Le projet a été dirigé par Kyle Burrows, chercheur postdoctoral au laboratoire de Mortha, qui rejoindra l’Université Simon Fraser en tant que professeur adjoint au début de 2025.

Pour leur étude, les chercheurs ont examiné un protozoaire appelé Tritrichomonas musculis, ou T. mu, qui réside de manière inoffensive dans l’intestin des souris.

Ils ont découvert que les souris colonisées par T. mu présentaient des taux étonnamment élevés de cellules immunitaires spécifiques dans leurs poumons. Surtout, les chercheurs ont montré que certaines de ces cellules immunitaires provenaient de l’intestin et se déplaçaient vers les poumons, où elles affinaient l’environnement immunitaire local et modifiaient les résultats liés aux maladies et infections respiratoires.

En déclenchant la production et la migration de ces cellules immunitaires de l’intestin vers les poumons, T. mu fonctionne comme « un conducteur dans l’intestin qui orchestre le système immunitaire pour peupler d’autres régions du corps », explique Mortha.
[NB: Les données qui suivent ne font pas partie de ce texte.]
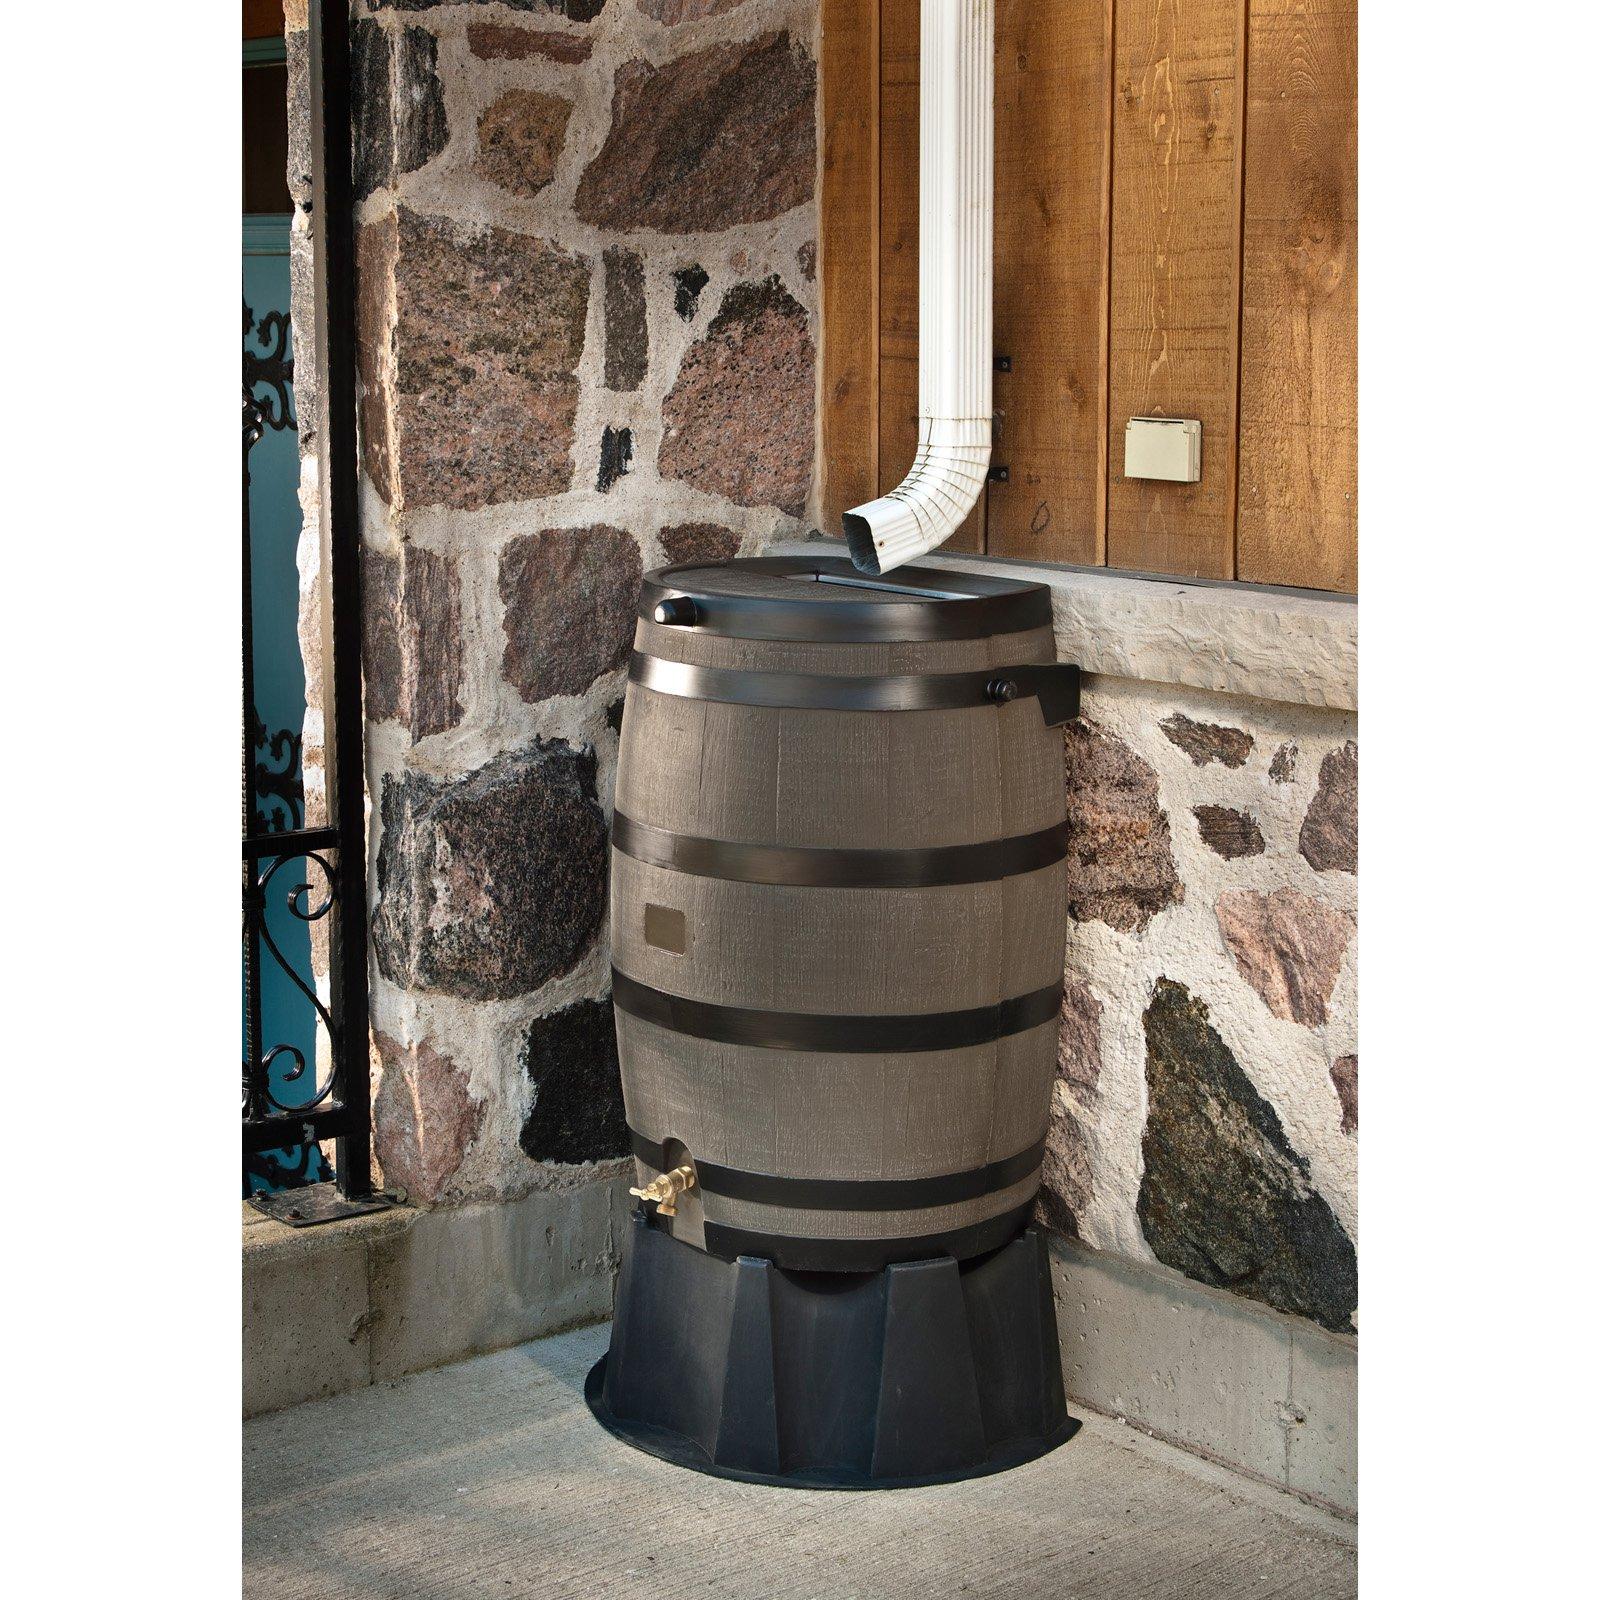 Rain Barrel Rts 50 Gallon Wood Grain Resin Flat Back Rain Barrel In 2019 Products Rain Barrel Stand Rain Barrel Rain

L’une des principales conclusions de l’étude était que les changements immunitaires dans les poumons induits par T. mu aggravaient l’inflammation des voies respiratoires causée par l’asthme allergique, mais semblaient avoir un effet protecteur contre les infections respiratoires.

En collaboration avec le professeur de génétique moléculaire Jun Liu, les chercheurs ont travaillé au centre de confinement élevé de Toronto pour étudier l’impact de l’altération du paysage immunitaire sur la tuberculose. Ils ont découvert que des niveaux plus élevés de cellules immunitaires dans les poumons des souris colonisées par T. mu servaient de bouclier antimicrobien dans les voies respiratoires, aidant à contenir les infections tuberculeuses et retardant sa propagation à d’autres organes.

Mortha note que ces résultats concordent avec ce que son équipe a observé précédemment concernant les effets opposés de T. mu sur différents aspects de la santé intestinale chez la souris. « Ce protozoaire a un impact très fort sur le système immunitaire du tractus intestinal », explique-t-il. « Cela exacerbe le développement du cancer colorectal et des maladies inflammatoires de l’intestin, mais cela donne également à l’hôte la capacité de résister à des infections très graves. »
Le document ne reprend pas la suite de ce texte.